Several rainbows held in this scooped out bowl of a pool near the whitewater at the head, including one hatchery bow that somehow made it this far downstream.

But the remaining fish were wild and lovely, including the two pictured here, with the rainbow below even starting to put on a little size.

A brown approaching 20" also spooked from beneath an undercut bank in a deceptive shallow run downstream, a fish that made me suspect that I was missing other good fish along the way.

In fact, I came across multiple deep pools that I am convinced held a larger brown or two, but for whatever reason they did not come out to play.

The pool above required a bit of rock-climbing to get up and around, or a swim through the middle, and I elected the former.

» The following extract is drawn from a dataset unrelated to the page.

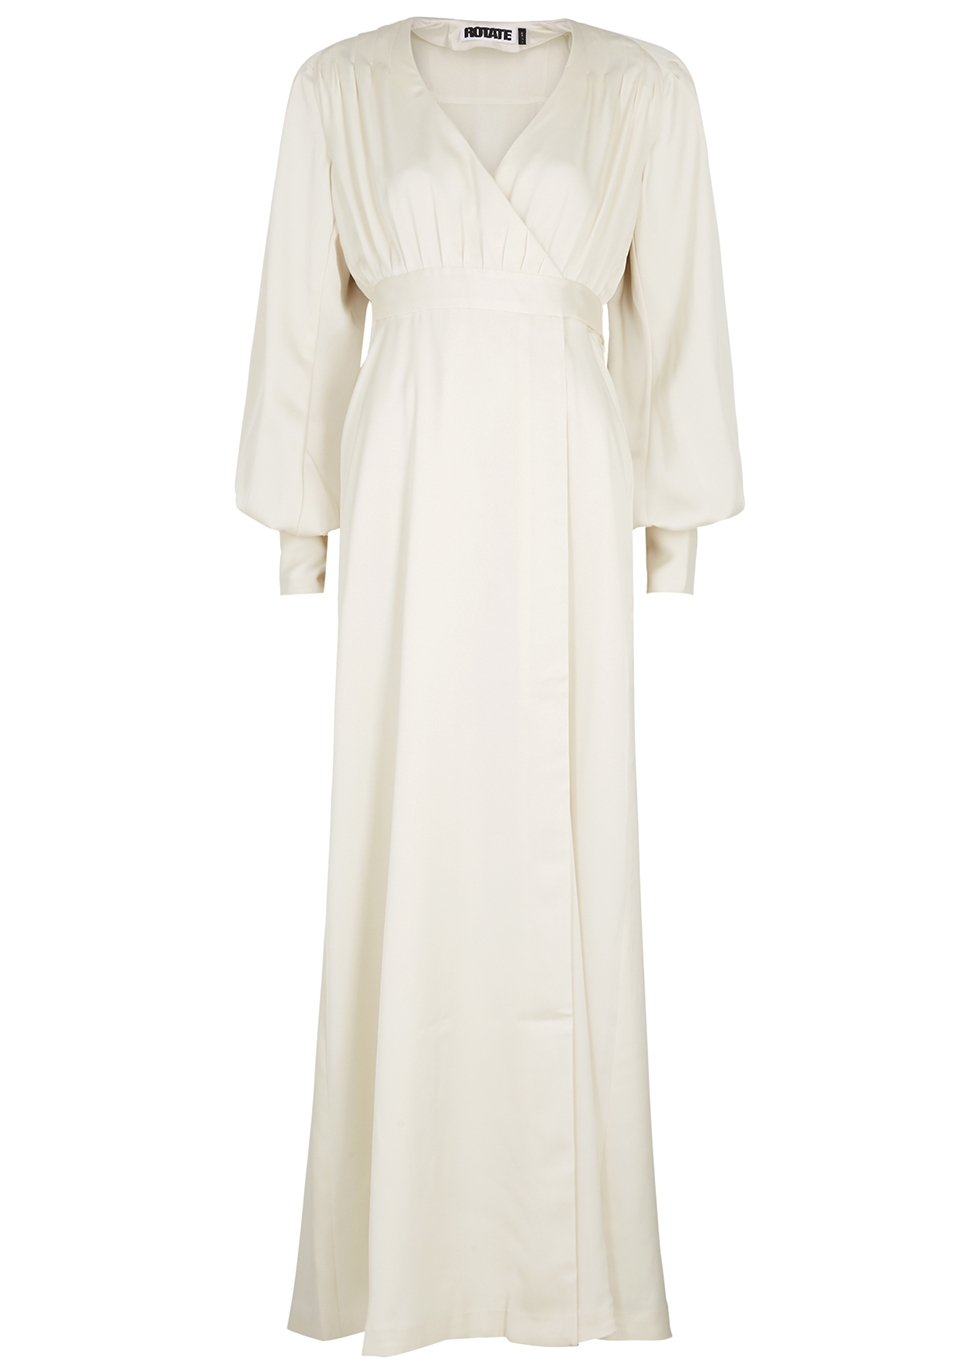 ROTATE Birger Christensen Ria off-white satin wrap dress - Harvey Nichols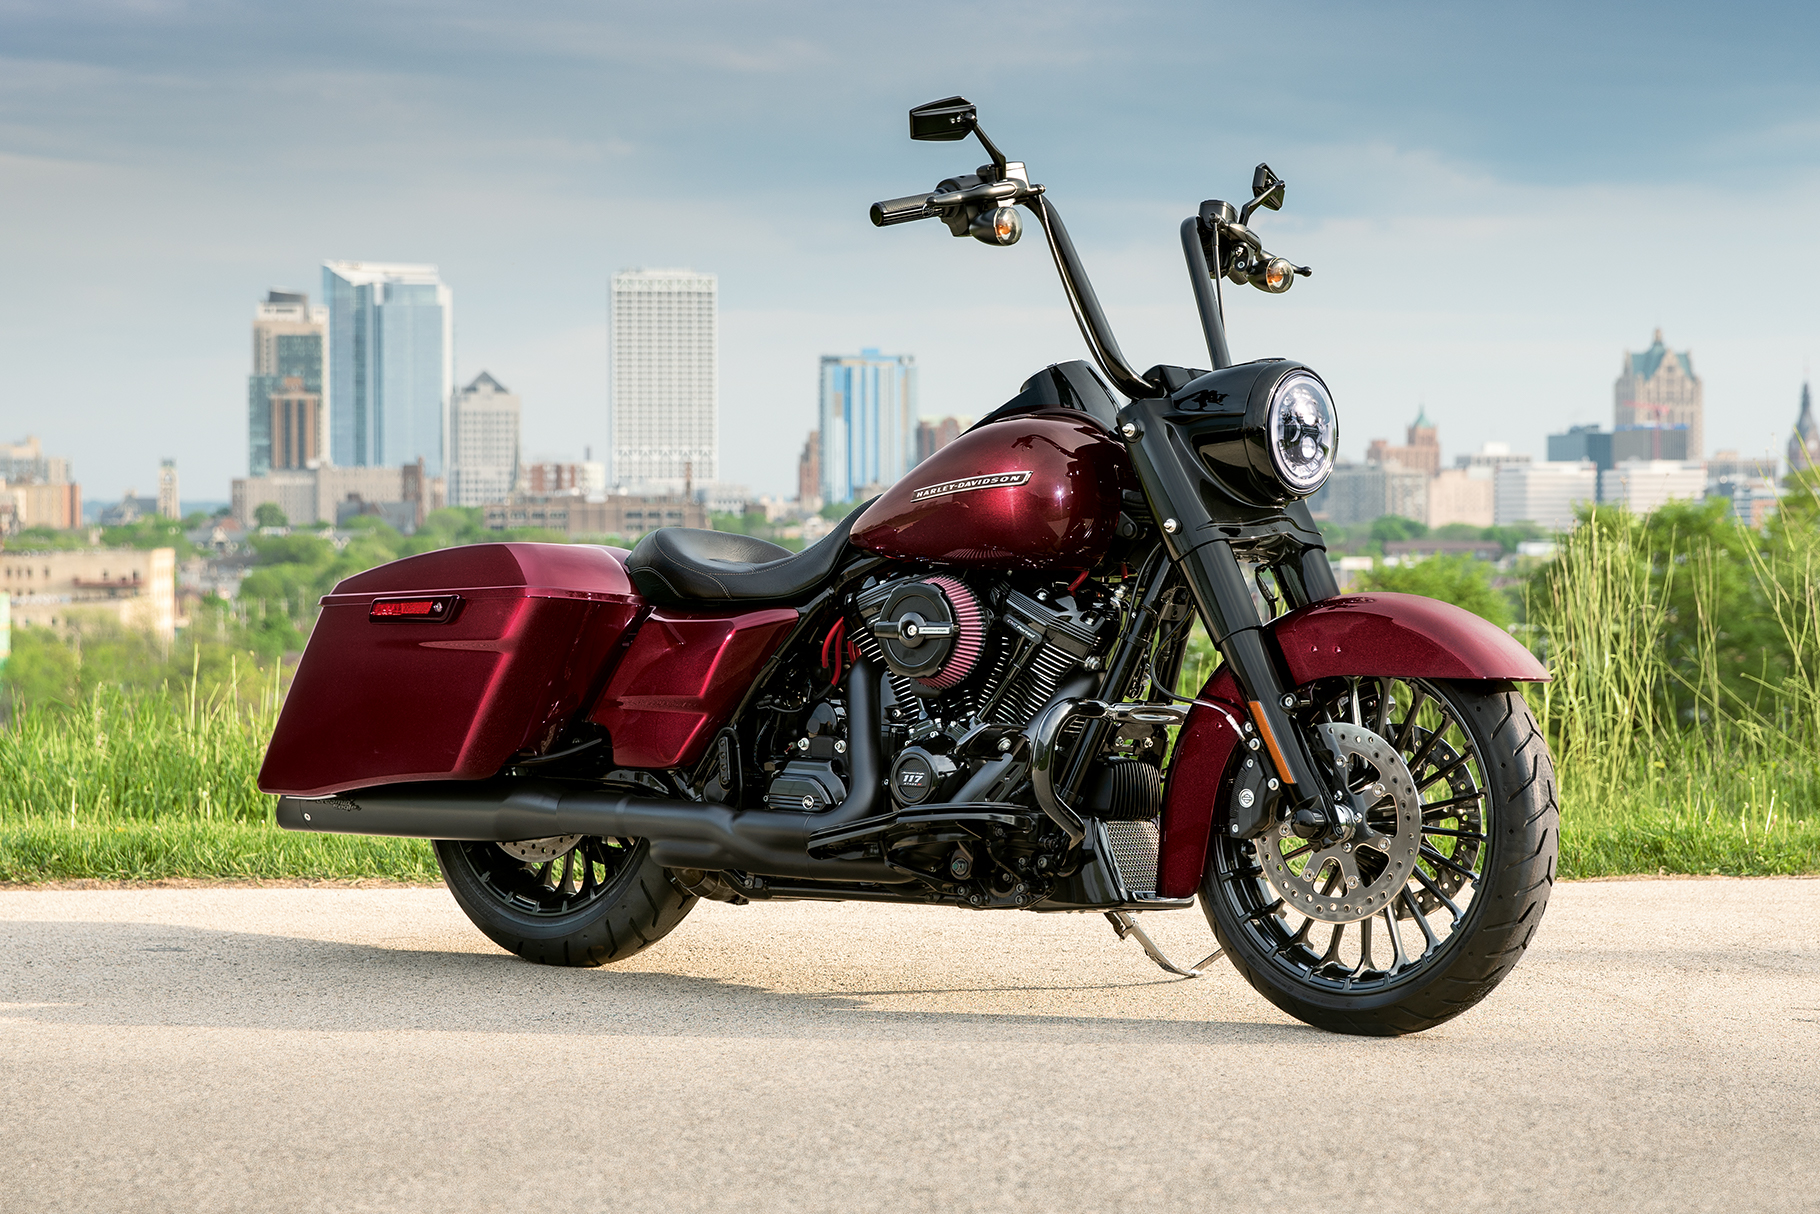 2019 Road King Special Motorcycle | Harley-Davidson ...

The sun crept behind the canyon walls all too soon, and I knew the day's adventures were coming to a close.  Fortunately, I managed to attract the attentions of one last good fish from the pool pictured above, by casting a Crawbugger towards the lush vegetation near the bank and letting it sink.

Another beauty of a brown struck, and I soon brought another colorful, heavily spotted male to hand, this one just shy of 18".  I wondered whether this fish had ever seen an angler before, as the buck slipped away from my grasp, merging back into the olive green flows.

As twilight settled, I bushwhacked my way out from the remote canyon stream with a twinge of regret to leave, but glad to know that such wild places and trout thrive in relative anonymity, there to be discovered anew by the adventurous.  


  1. Iain, I'm glad to see you writing again. I missed reading about your adventures in search of wild trout. Well done as usual! Hope to read some more stories soon.

  2. Iain - I found your blog while researching fly fhishing in Arizona. I'm going to be in yrou fine state on business next month and I am hoping you could give me a few recommendations. Is there a way I could contact you?


  3. Iain,
    Great to see you back on the blog!
    I hope to see more of your work. I periodically check the site to see if anything new has come up and it was great to see the latest.

  4. Iain,
    Don't be such a stranger! I can't tell you how many times I've checked your blog for new content...what a joy when I saw this post! Thanks (as always) for your perspective and beautiful pics. It always feels like I'm there!